Dr Douglas served the African Methodist Episcopal Church 2nd District for 20 years as the presiding elder of the Capitol District of the Washington Annual Conference.
In that role, he led more than 40 congregations and more than 40,000 members of the AME Church in Washington, Maryland and Virginia.
Under his astute leadership, the Capitol District grew spiritually, financially, and numerically. As a result of his community outreach throughout the US and in Africa, the imprint of his leadership was far and wide.
Dr Douglas retired in 2014, having served 55 years in the ministry. He passed away on August 20. His memorial service was held on August 26 at Reid Temple AME Church in Maryland.
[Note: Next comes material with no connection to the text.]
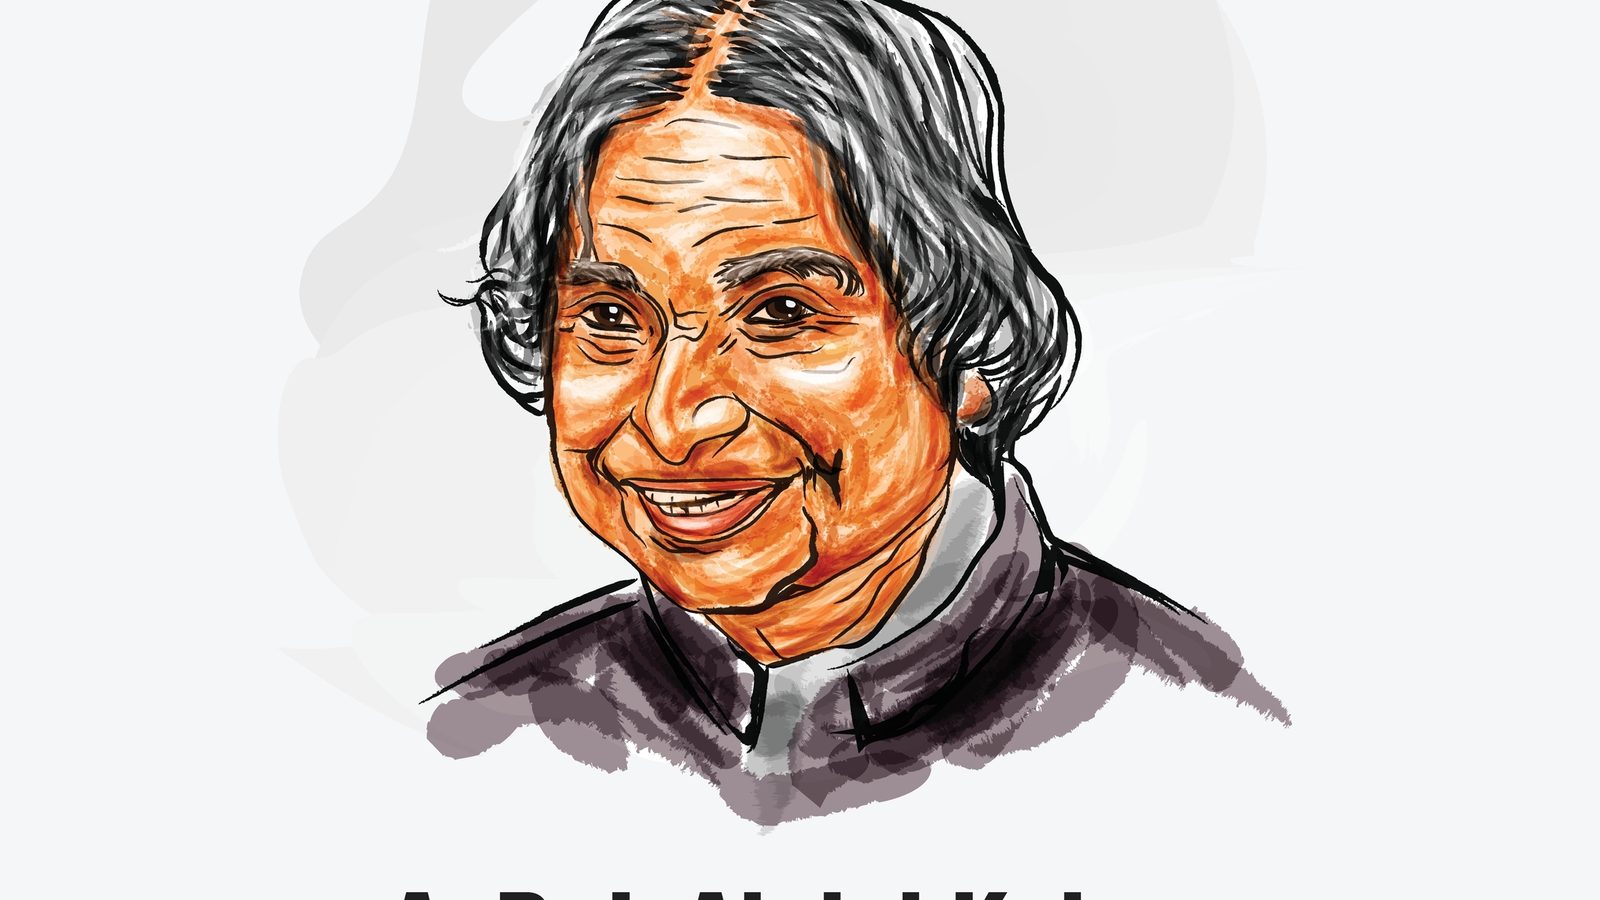 Newspaper front pages and cartoon sketches pay tribute to APJ Abdul Kalam

He was eulogised as an agent of change and a mentor to many. Direct and deliberate in his management style, he was also comforting and politely persuasive. He was known to get the job done. In honour of his lifelong service to his church and community, the senator of the state of Maryland applauded him as a great statesman and churchman.
Dr Douglas will be sadly missed by his wife, two children, grandchildren and family in Bermuda.
• Update: this article has been amended to correct that the woman in the photograph with the Reverend Goodwin Douglas is Vera Commissiong and not Betty Furbert-Woolridge
• A clarification to my article last week: the Reverend Winston Rawlins was affirmed as an ordained minister and elevated to the position of elder. The present minister of Emmanuel Baptist Church is Georgette Prime-Godwin and has been since October 2015.